Суверенитет - страница 3



Нет ничего удивительного в том, что буржуазия ныне отказывается от принципов, которыми она пользовалась, идя к власти. Суверенитет разделяет судьбу многих лозунгов, популярных в XVIII в. и ныне свергаемых с пьедестала как «отжившие свое время». Принцип государственного суверенитета как полновластия государства и его неограниченного правотворчества был нужен буржуазии, когда она завоевала власть в государстве и безмятежно пользовалась монополией власти государства, но суверенитет стал не нужен буржуазии, когда возникла опасность использования полновластия государства другим классом против капиталистической собственности. Народный суверенитет был нужен буржуазии, когда она имела возможность говорить от имени еще безмолвствовавшего народа. Но народный суверенитет стал не нужен и опасен, когда народ стал выходить из повиновения. Национальный суверенитет был нужен буржуазии, когда она боролась за создание национальных государств, но он стал не нужен ей, когда она, в лице монополистического капитала крупных империалистических государств, ломает границы национальных государств и попирает права национальностей. Принцип суверенитета теперь становится знаменем борьбы этих национальностей против империалистической экспансии.

В настоящее время отношение буржуазии к принципу суверенитета уже не решает его судьбы. Выросли и окрепли новые социальные силы, подлинные представители прогресса, для которых суверенитет не пустой звук и не непосильная ноша. Это означает дальнейшее развитие принципа суверенитета, дальнейшие изменения как в содержании, так и в формах суверенитета.
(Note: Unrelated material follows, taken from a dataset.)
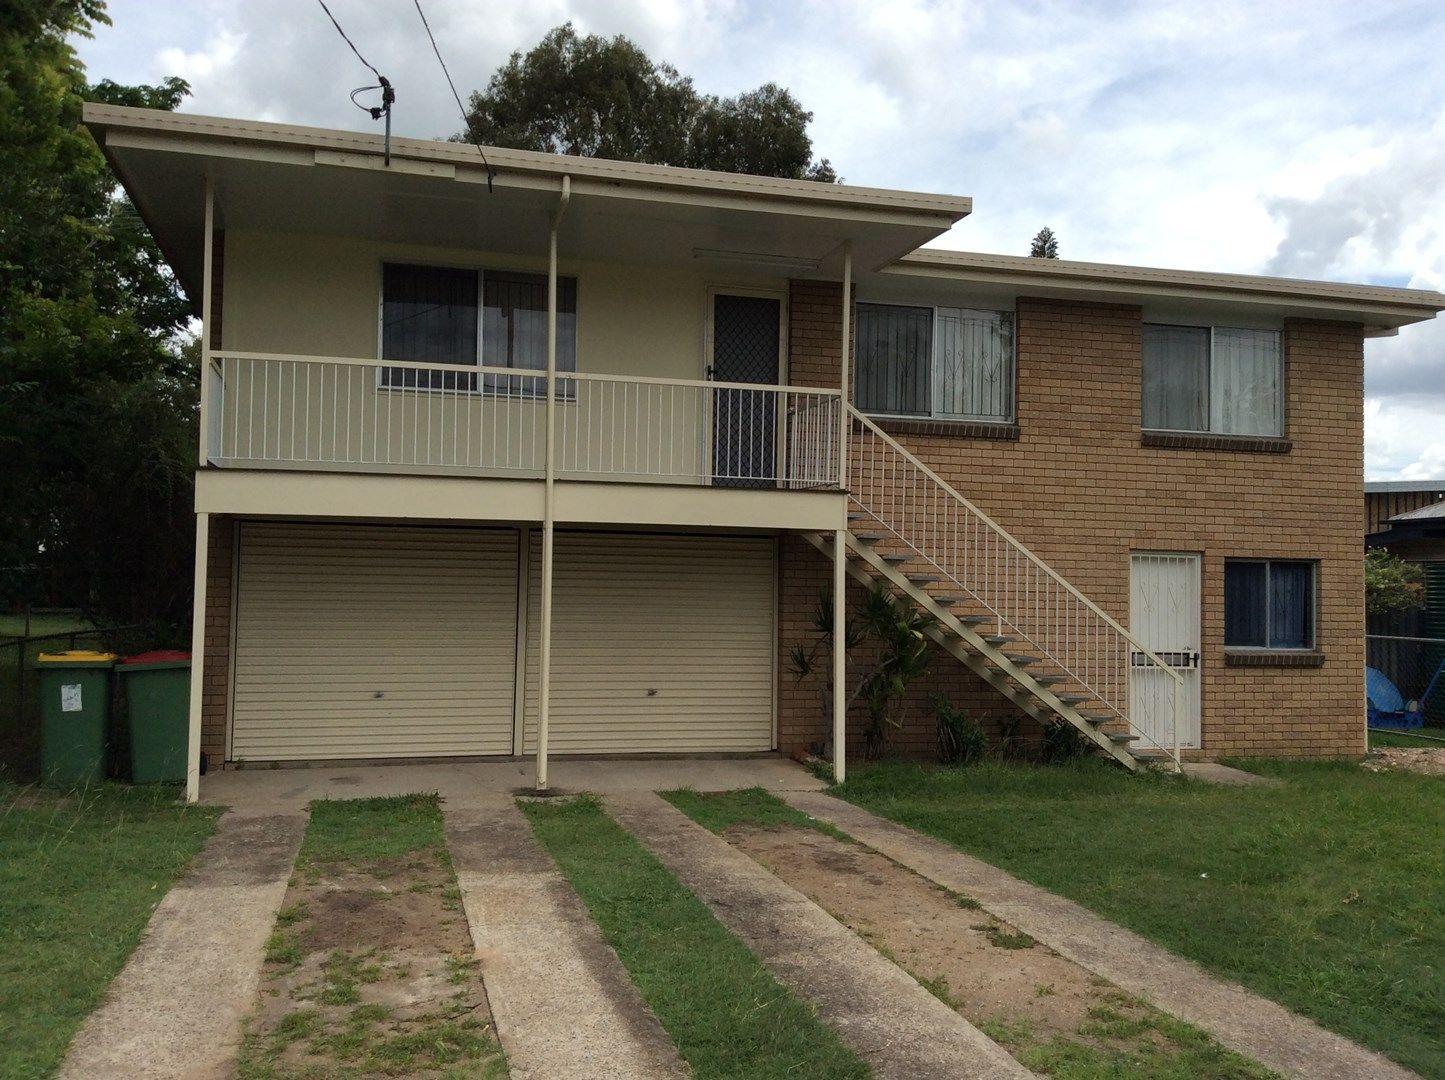 4A Goodwin St, Basin Pocket QLD 4305, Image 0

В этой способности к развитию, к изменениям в форме и содержании и проявляется подлинная жизнеспособность принципа суверенитета.

Противники суверенитета нередко прикрывают свое стремление к ликвидации суверенитета красноречивыми Филиппинами против «абсолютного» суверенитета[2]. Но абсолютного суверенитета никогда не было и не могло быть. Это – категория метафизического порядка или плод воображения. Границы суверенитета существовали всегда; они определялись экономическими условиями, развитием международного общения государств и морально-политическими требованиями исторической эпохи. Эти границы изменялись вместе с изменением всех этих факторов.

Еще задолго до войны некоторые ретивые ликвидаторы суверенитета (например, венец Кунц) упрекали советскую концепцию, отстаивающую «устаревший» «реакционный» принцип суверенитета, в консерватизме. Такое обвинение в «отсталости» раздается и ныне с различных сторон. Но этим нельзя нас запугать. «О, да, – говорил А. Я. Вышинский на II Генеральной Ассамблее, в ответ на выступление Спаака против „реакционной и вышедшей из моды“ идеи суверенитета, – государственный суверенитет – реакционная идея, ибо он мешает „прогрессивному“ движению империализма, шествующего по миру с широко раскрытой пастью и с протянутыми далеко вперед хищными лапами… эту идею хотят вывести из моды, так как сильные капиталистические страны больше в ней не нуждаются, эти страны нуждаются в обратном: в уничтожении как идеи суверенитета, так и самого суверенитета других государств»[3].

Когда речь идет об охране прав и свободы народов, Советский Союз и советская наука не боятся показаться кое-кому «консервативными». На деле эта позиция ничего общего не имеет с консервированием старого, отживающего. Мы не рабы догмы и не фетишисты формы суверенитета. Мы раскрываем реальное, развивающееся, изменяющееся содержание принципа суверенитета, соответствующее новым условиям общественной жизни как в международном, так и в национальном масштабе, требованиям прогрессивного развития человечества. Но именно поэтому советская наука не может уподобиться тем, кто в погоне за мнимой «ультра-новизной» выплескивает из ванны ребенка вместе с водой. «Новаторство отнюдь не всегда совпадает с прогрессом» (Жданов).